#### [Input data]
● ● ●

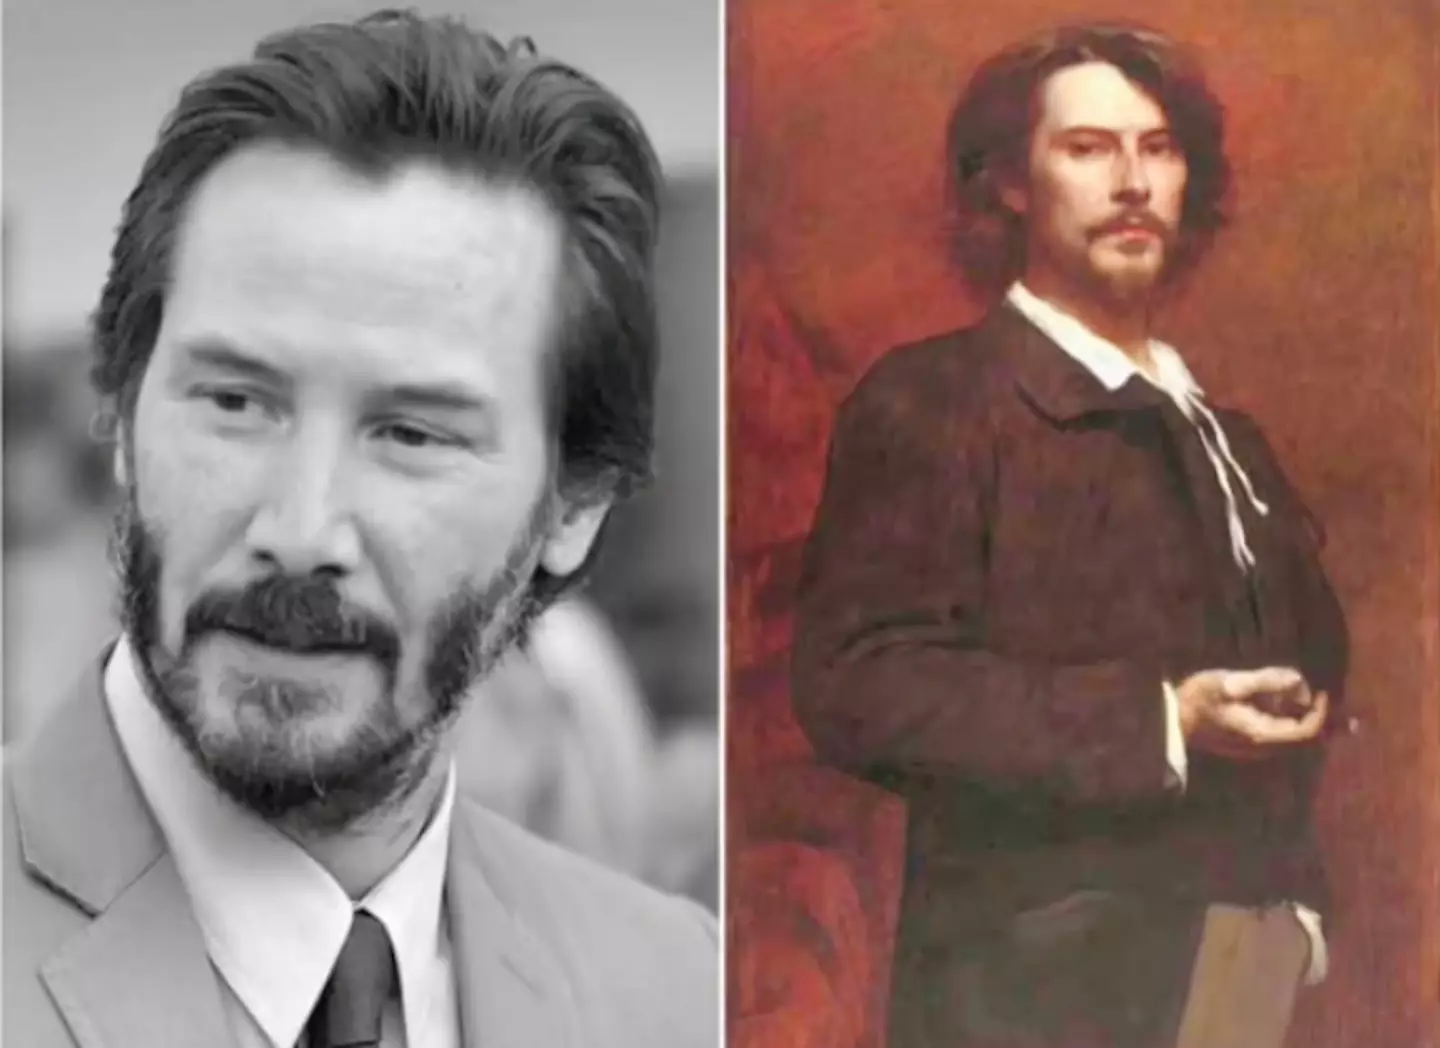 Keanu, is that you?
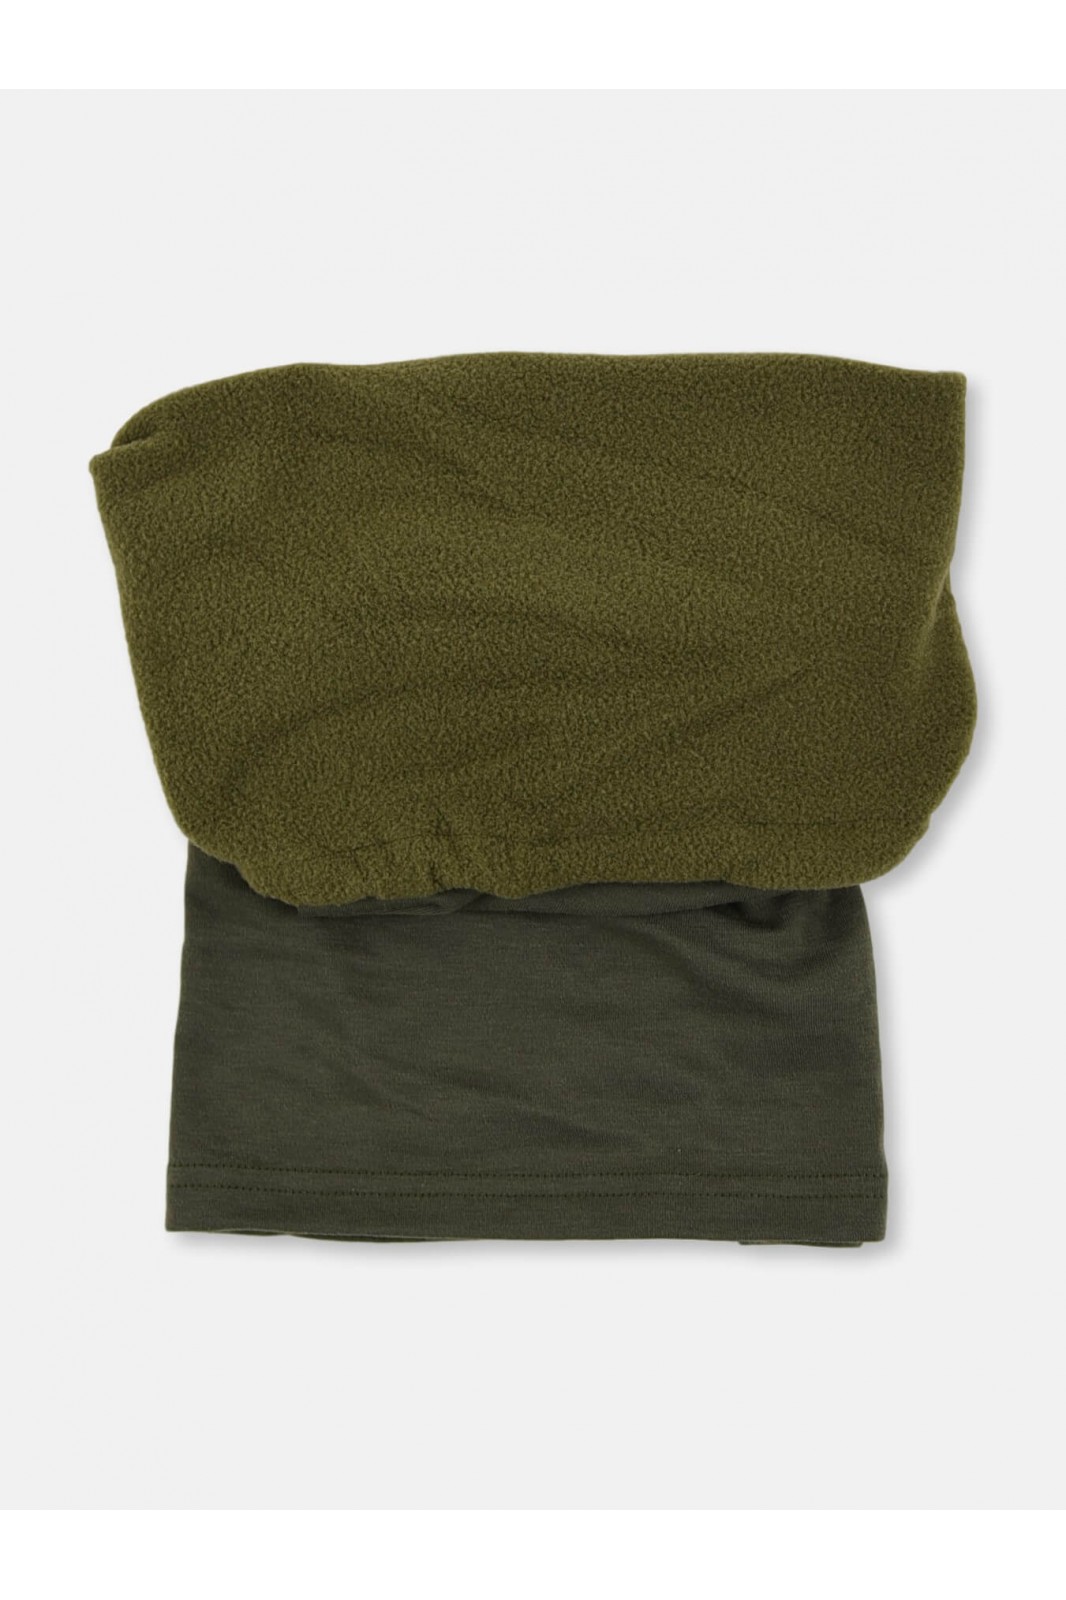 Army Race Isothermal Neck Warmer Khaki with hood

● ● ●

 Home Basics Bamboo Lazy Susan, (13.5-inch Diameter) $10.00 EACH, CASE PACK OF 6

● ● ●

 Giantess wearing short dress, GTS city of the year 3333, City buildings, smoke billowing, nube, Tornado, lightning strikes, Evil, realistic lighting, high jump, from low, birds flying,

● ● ●

#### [Task objective]
Your reply should consist solely of the lines above from the line containing "Keanu, is that you?" up to and including the line containing "Army Race Isothermal", reproduced exactly, minus the pictures.

#### [Answer to the exercise]
 Keanu, is that you?
 Army Race Isothermal Neck Warmer Khaki with hood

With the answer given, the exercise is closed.